3. The limitations and the author's perspective should be mentioned at the end.

• Response: We rewrote the conclusion section in order to incorporate the limitations of the study and our perspectives. Please find the new conclusion in lines 407-423.

“In summary, this review underscores the critical role of nitrogen heterocycles in pharmaceutical design, particularly in the development of angiotensin-converting enzyme inhibitors crucial for managing hypertension and cardiovascular conditions. However, it highlights the lesser-known yet serious risk of angioedema induced by five-membered nitrogen heterocycles present in these medications.

   Understanding the clinical presentation, pathophysiology, and treatment options for ACE inhibitor-induced angioedema is paramount due to its potential underdiagnosis and life-threatening nature. Recognition of risk factors, including genetic considerations, is vital, and prompt discontinuation of ACE inhibitors is the primary intervention despite diagnostic challenges. The review explores management strategies such as fresh frozen plasma, icatibant, ecallantide, and C1 inhibitor concentrate, and considers alternative drug options like angiotensin II receptor blockers and potential associations of DPP-4 inhibitors with ACE inhibitor-induced angioedema. It stresses the urgent need for clinicians to differentiate this condition from other forms of angioedema, particularly mast cell-mediated types, as early recognition and long-term monitoring are crucial given the possibility of recurrence even after discontinuation of ACE inhibitors.

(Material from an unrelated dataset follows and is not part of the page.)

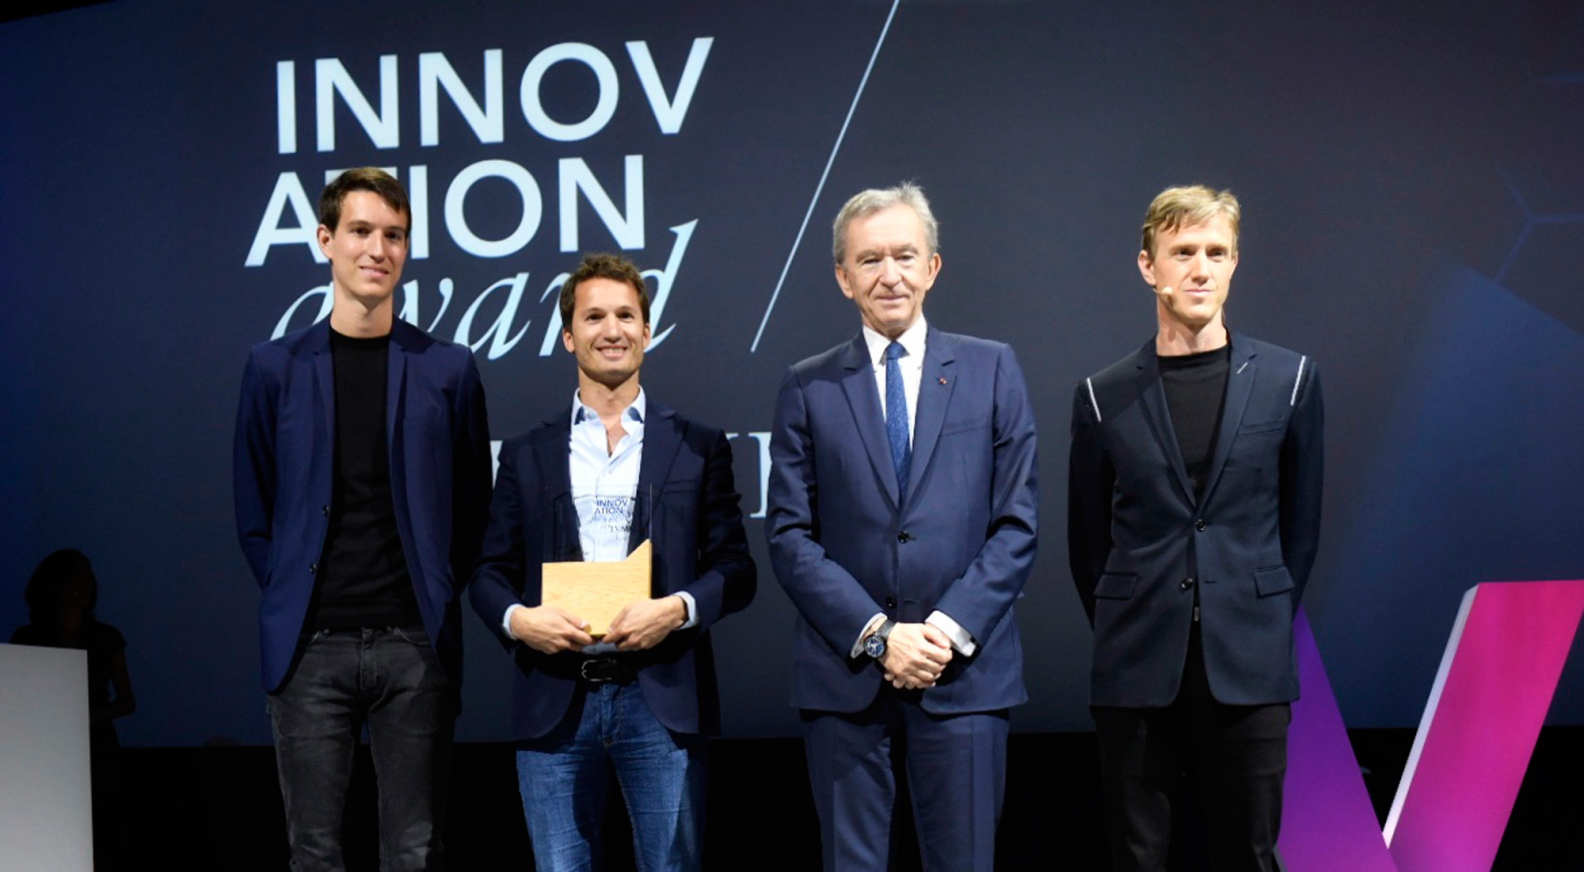 Viva Technology 2018: spotlight on innovations from LVMH Maisons - LVMH

   While acknowledging limitations such as the lack of systematic methodology and the restricted search period, this review remains a valuable addition to the literature on ACE inhibitor-induced angioedema. By addressing unresolved questions and emphasizing existing knowledge, it sheds new light on drug design intricacies and pharmacological considerations while increasing clinical awareness of this life-threatening condition.”

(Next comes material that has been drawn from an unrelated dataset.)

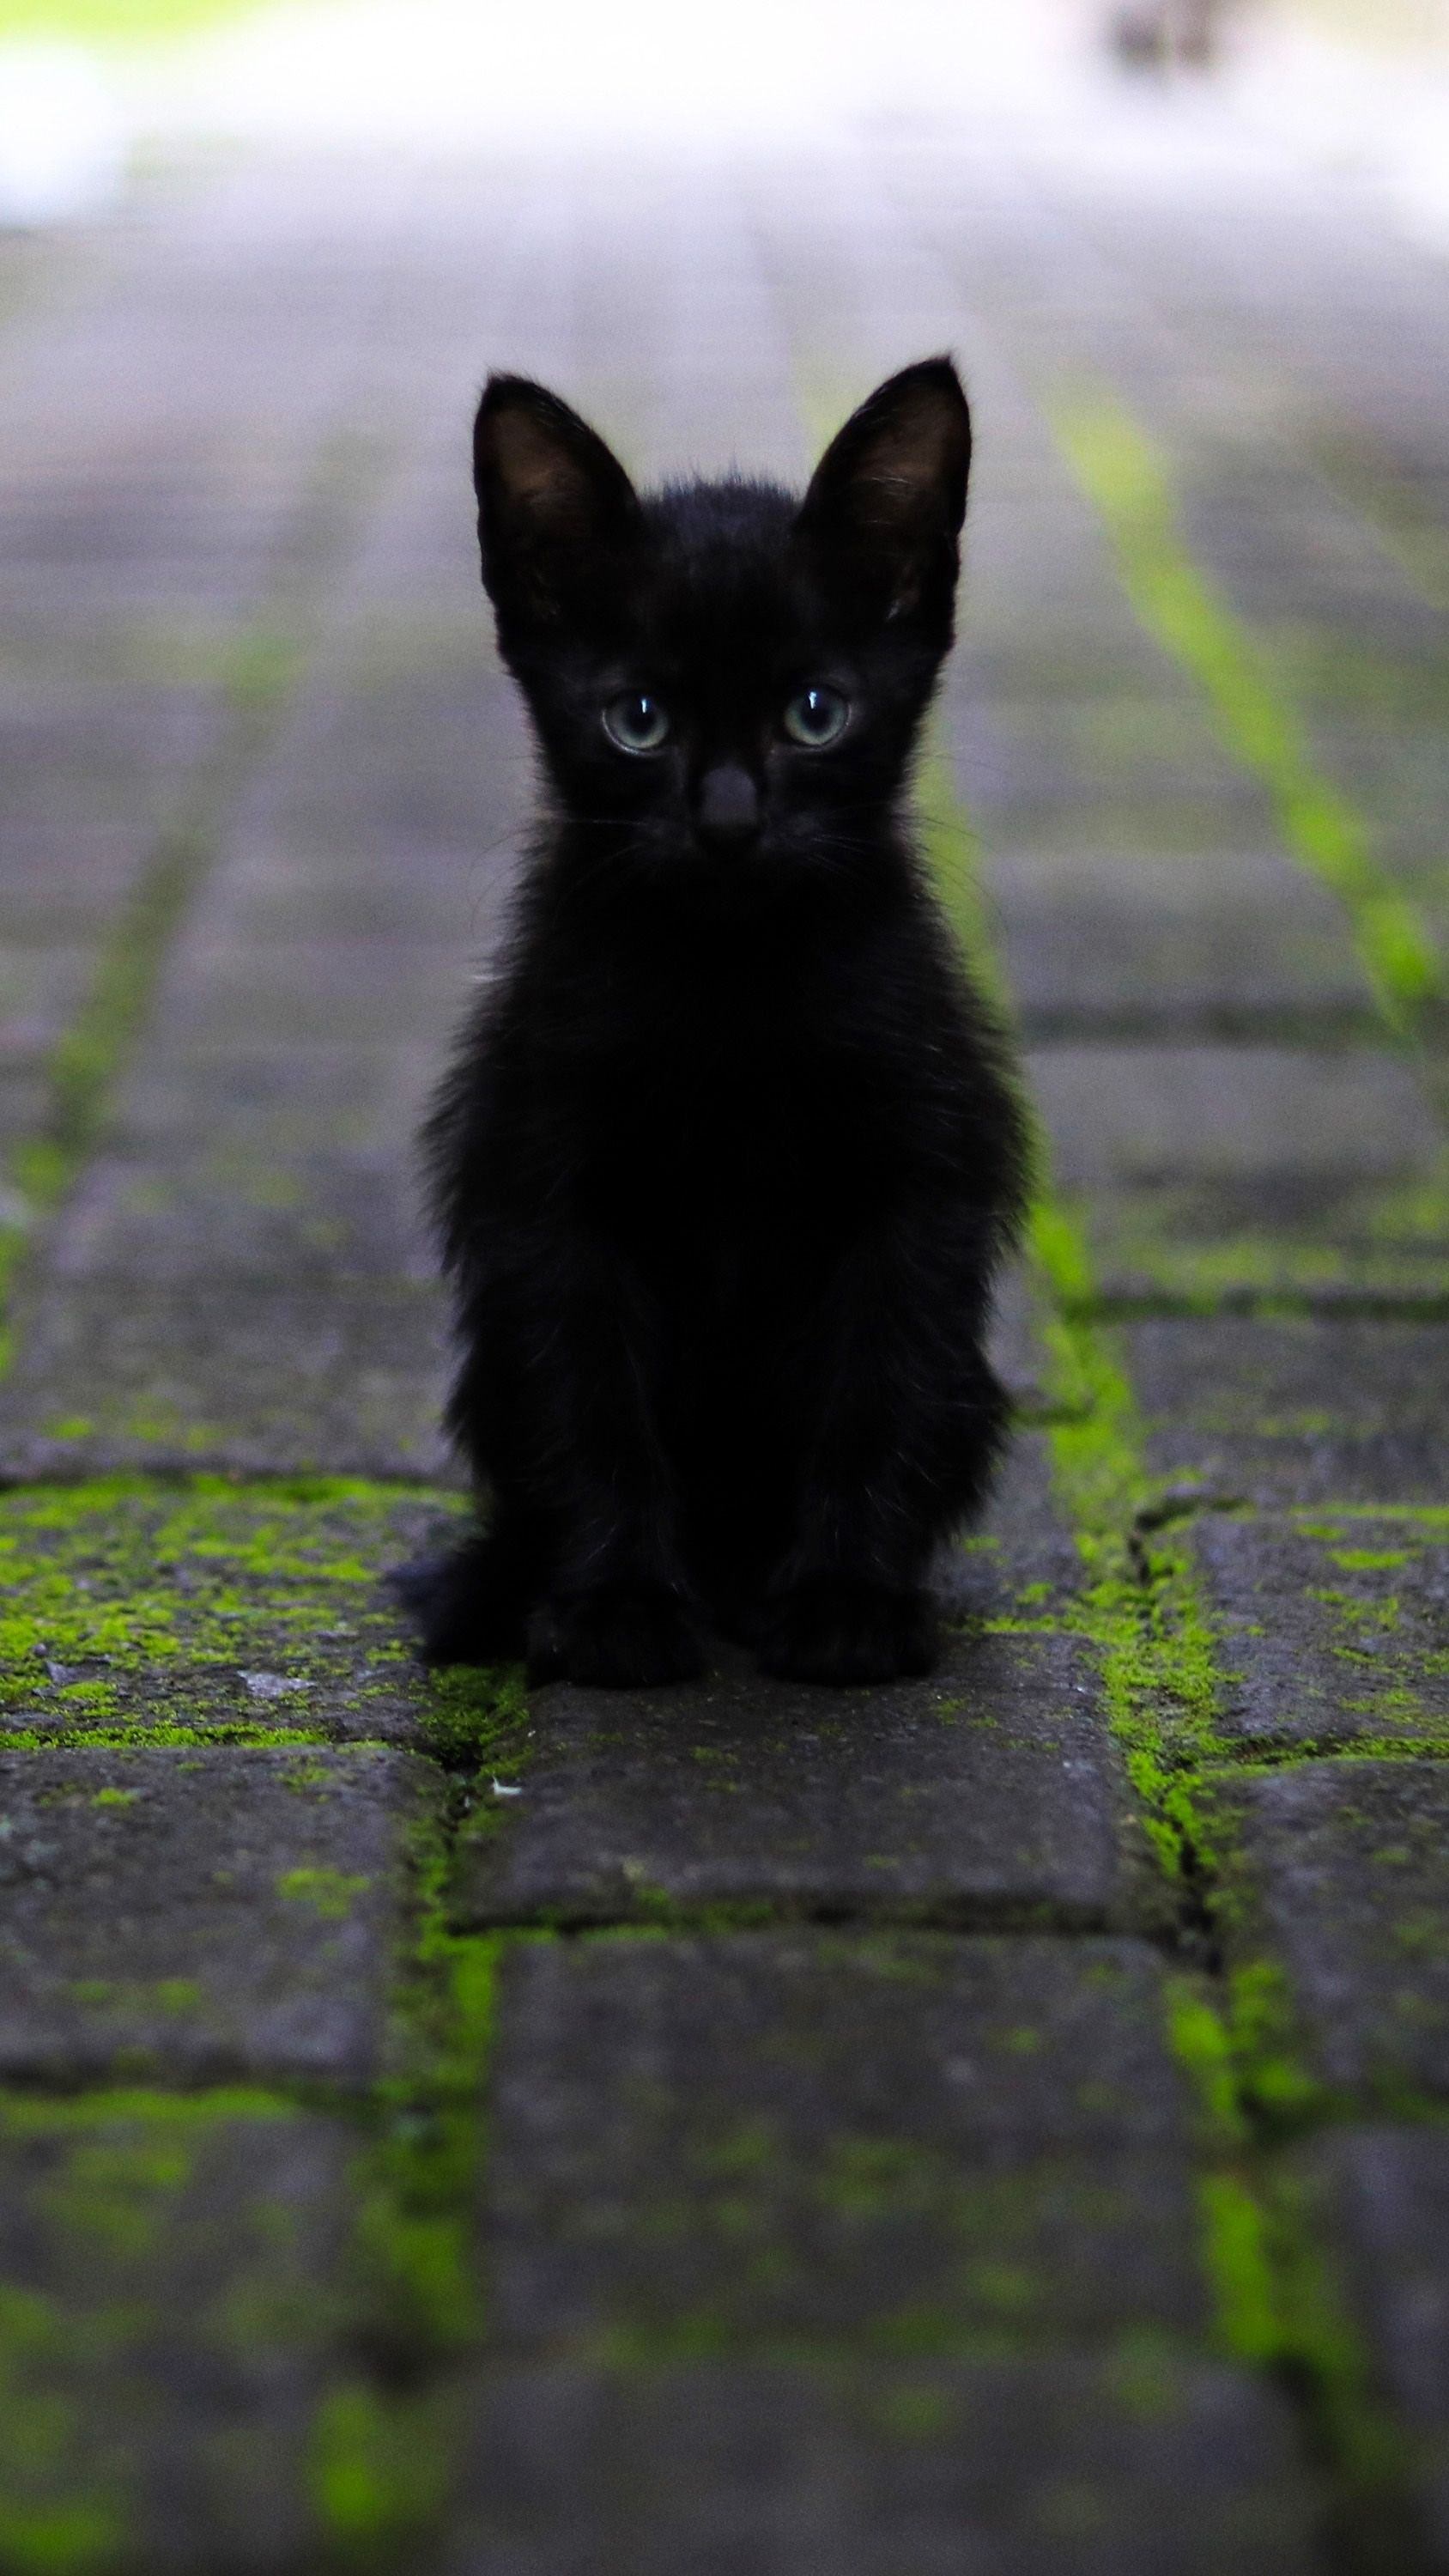 Перебежала черная кошка что делать

 “The present review emphasizes the clinical importance of ACE induced angioedema entity, and focuses on therapeutic considerations, highlighting the need for early recognition of the entity as discontinuation of the ACE inhibitor is the treatment of choice for long-term management of ACE inhibitor induced angioedema.By focusing on the chemical structure of ACE inhibitors, particularly their nitrogen-based heterocycles, the review also highlights the role of nitrogen scaffolds in drug design and their relevance in ACE-inhibitor pharmacology.
   The primary limitations of this review are, firstly, its lack of systematic nature, and secondly, the search period. Research beyond November 2023 might not have been included, potentially causing it to miss recent advancements in understanding or managing ACE inhibitor-induced angioedema. Additionally, the review may not cover all possible aspects of ACE inhibitor-induced angioedema due to its specific focus on clinical presentation, pathophysiology, and therapeutic considerations.”

4. The similarity report % match is too high (26%). Preferably, it should be less than 10%

• Response: Thank you for addressing the issue with the similarity index. We have made efforts to reduce it, and we think that it is now close to 10%. Unfortunately, we do not have access to iThenticate to calculate the exact matching percentage. We are more than happy to make further changes according to your suggestions.

Author Response File: Author Response.docx

Reviewer 3 Report

The manuscript is now improved sufficiently.

Author Response

Thank you for favorably considering our manuscript. Your comments were of great value in revising it.